Hi All,hope all is well!

This is my first crack at MS Word VBA. 

I'm trying to do a simple macro where I have document A word doc that's opened, and want to write a MS word VBA code that allows me to select any word file in a directory path and opens the file where I can copy the contents from that selected document that opened and paste into document A and closes the file that was selected and keeping document A open. 

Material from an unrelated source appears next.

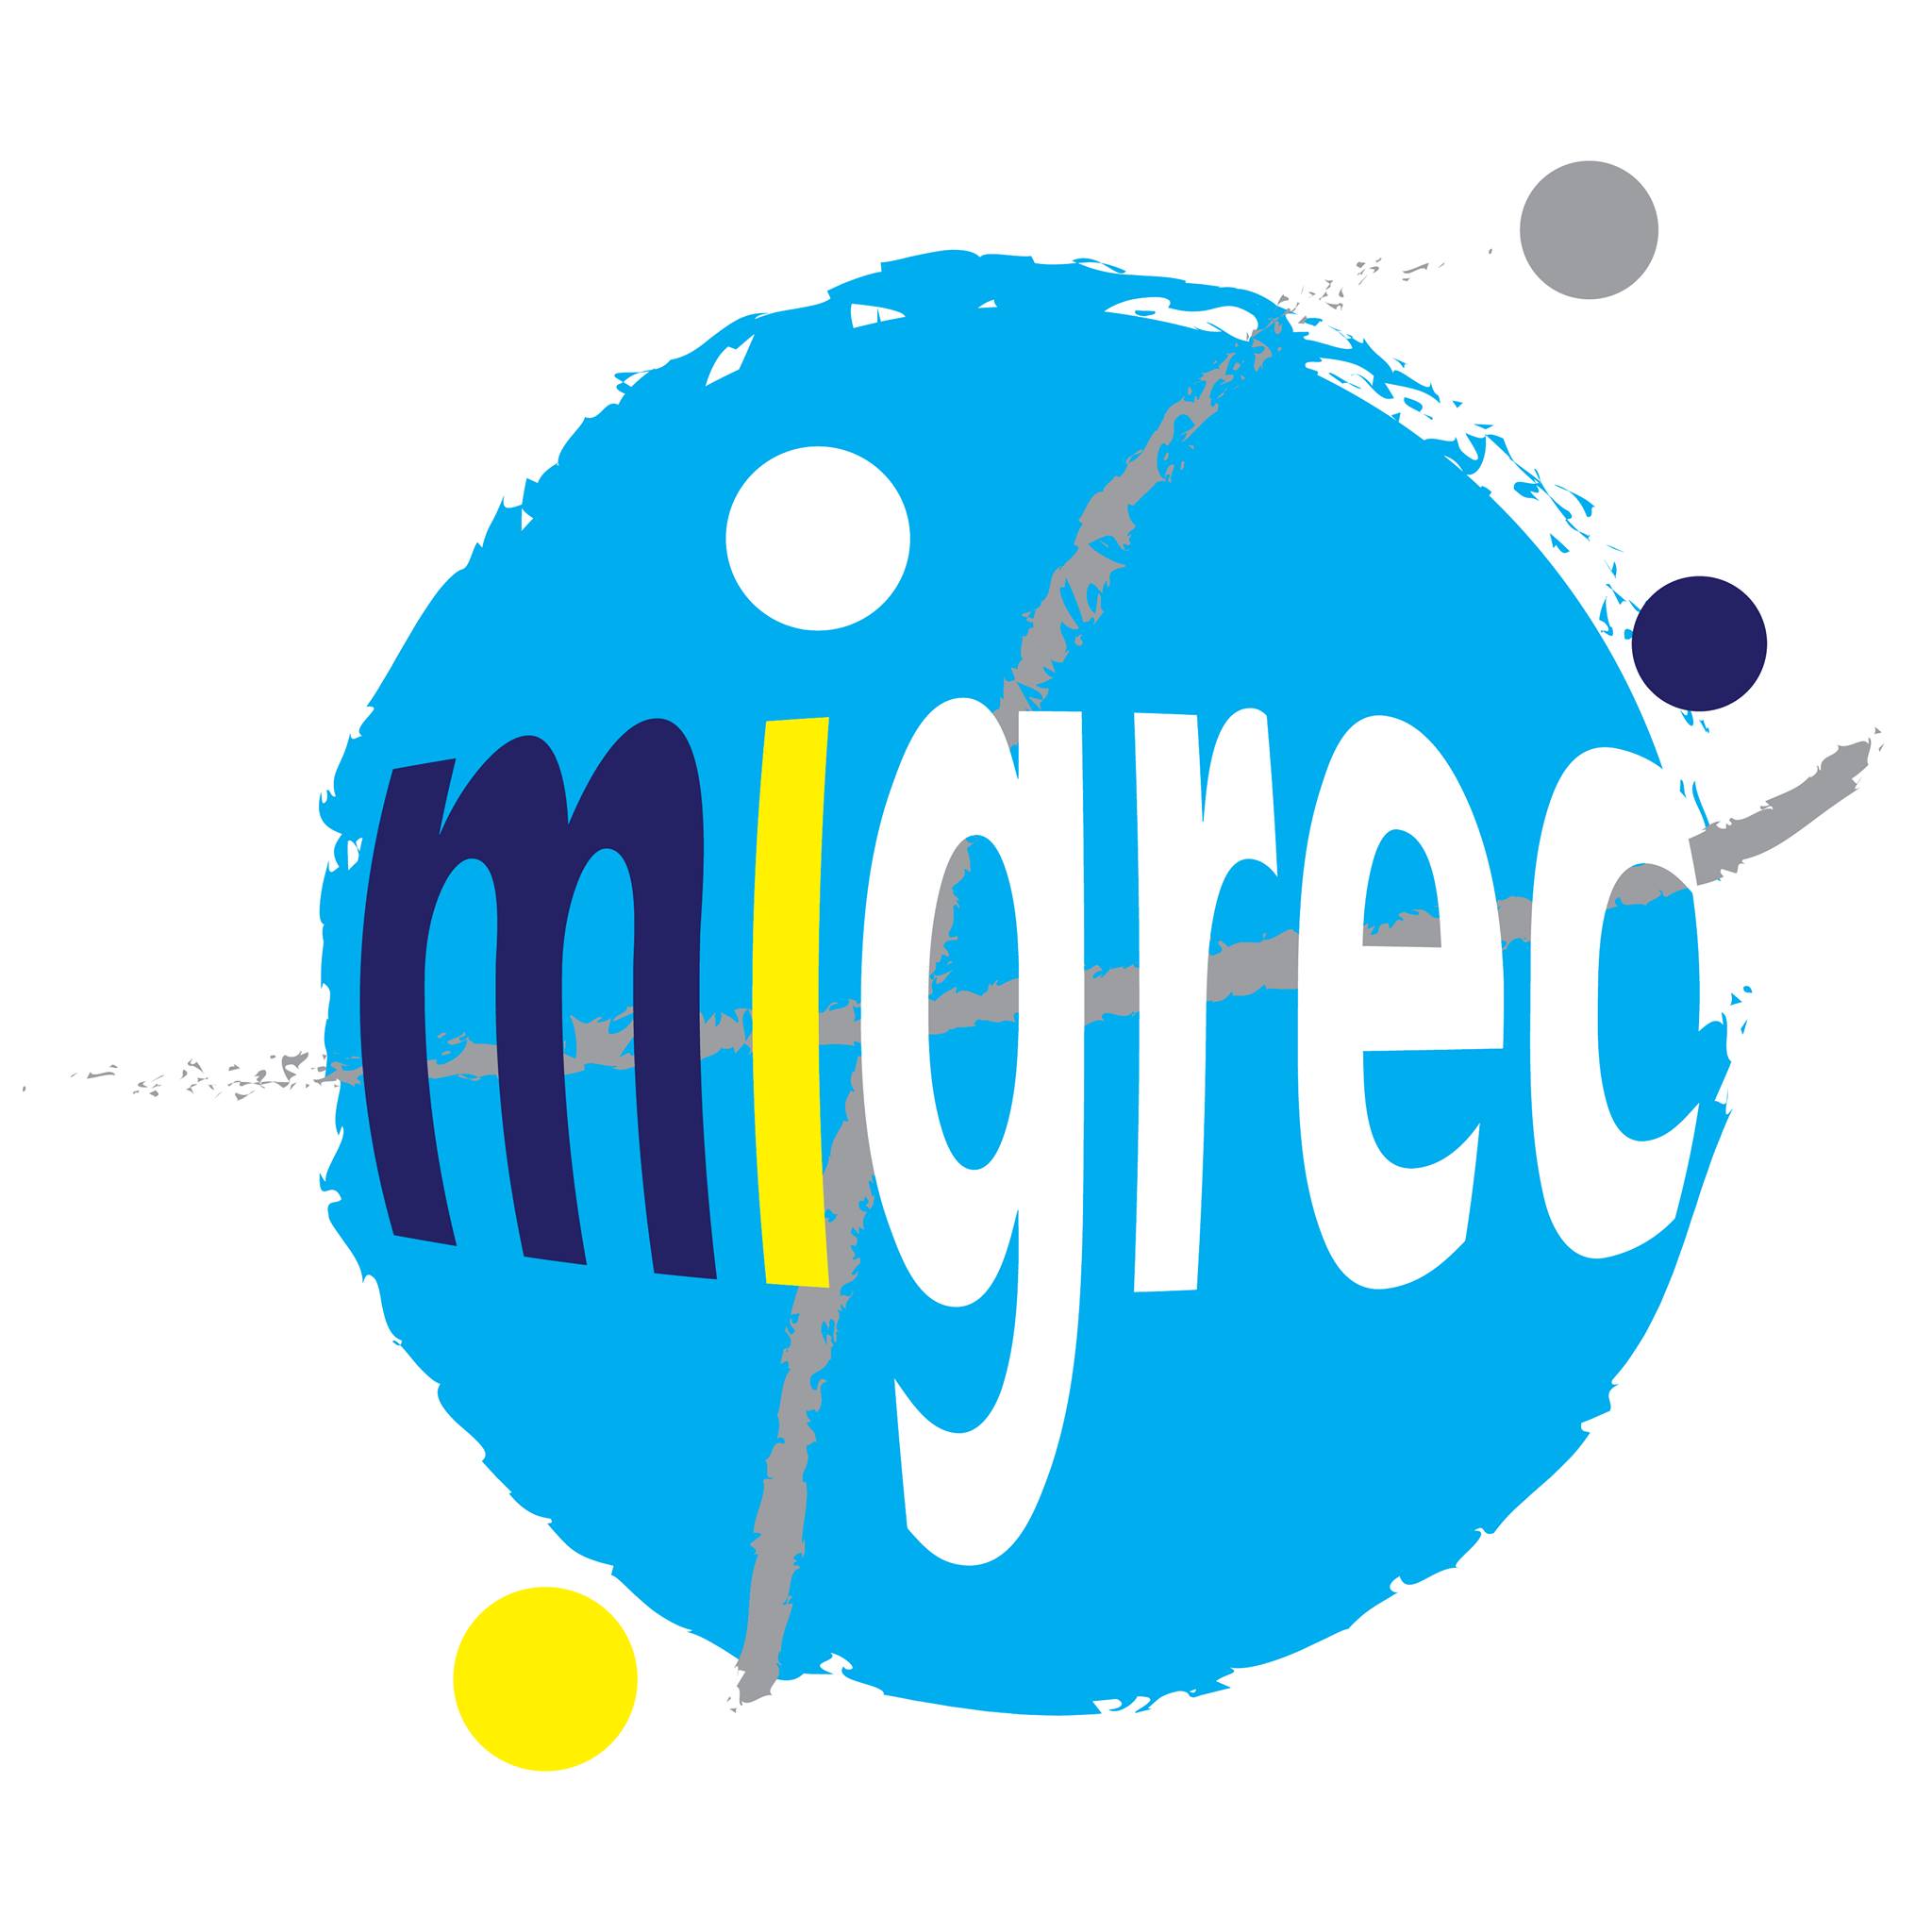 MIGREC project – Newsletter #4
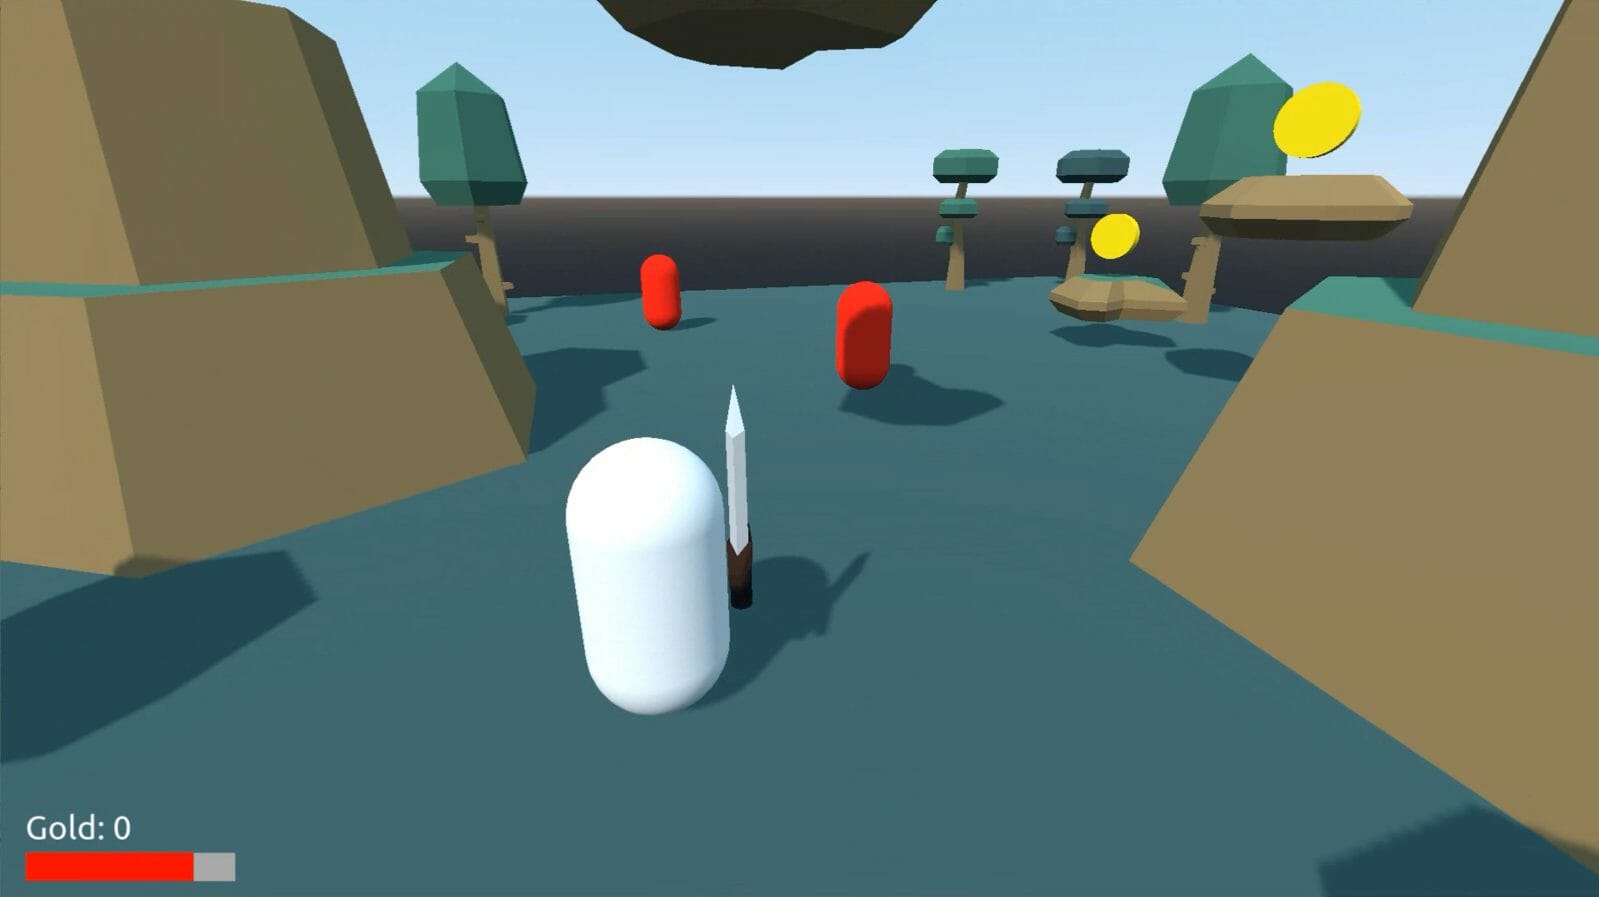 Screenshot of a simple Action RPG made with the Godot Engine

here is some of the code below:

I have the second part of instructions down on how to copy & paste, just need the 1st part on selecting a file & opening it from a folder

Sub Copy_Content()
   ''need code to to select file, than open file to select content on doc to paste into document a''
    Selection.WholeStory
    Selection.Copy
    Documents("documenta.docx").Activate
    Selection.EndKey wdStory
    Selection.PasteAndFormat Type:=wdFormatOriginalFormatting
    Documents("documentb.docx").Close
End Sub


----------



## daustin51 (Oct 25, 2021)

Ok, so I have an update to the above question. I created 2 macros, the 1st one to select any file from a specified folder.

Macro 1
Sub test()
Dim intChoice As Integer
Dim strPath As String
Dim objWord As Object
Set objWord = CreateObject("Word.Application")
objWord.Visible = True
Application.FileDialog(msoFileDialogOpen).AllowMultiSelect = False
intChoice = Application.FileDialog(msoFileDialogOpen).Show
'if the user selects a file
If intChoice <> 0 Then
'get the path selected
strPath = Application.FileDialog( _
msoFileDialogOpen).SelectedItems(1)
'opens the document
objWord.Documents.Open (strPath)
End If

End Sub

Then the 2nd macro that i'm working on is where I want to open the master document which is document A and then call the above macro to open document b so that I can copy contents from document B into document a. 

However, the code is not working and been stuck on this for the past 8 hours and no luck finding the right combination anywhere online. What i'm trying to do is copy content from document B from 1st macro that opens the file and paste it into document a that's open in the 2nd macro below in which I attempted to call macro 1 to open B with no success. Any help would be greatly appreciate it and not that familiar with word vba and 1st time ever doing it.  Thanks in advance. 

Sub test6()


Application.ScreenUpdating = False
Dim strFile As String

    strFile = "C:\Users\test\Desktop\tar sheet test\documenta.docx"
    If Dir(strFile) <> "" Then
        Documents.Open strFile
End If

    Call test
    Selection.WholeStory
    Selection.Copy
    Documents("documenta.docx").Activate '
    Selection.EndKey wdStory '
    Selection.PasteAndFormat wdPasteDefault



End Sub


----------



## daustin51 (Oct 26, 2021)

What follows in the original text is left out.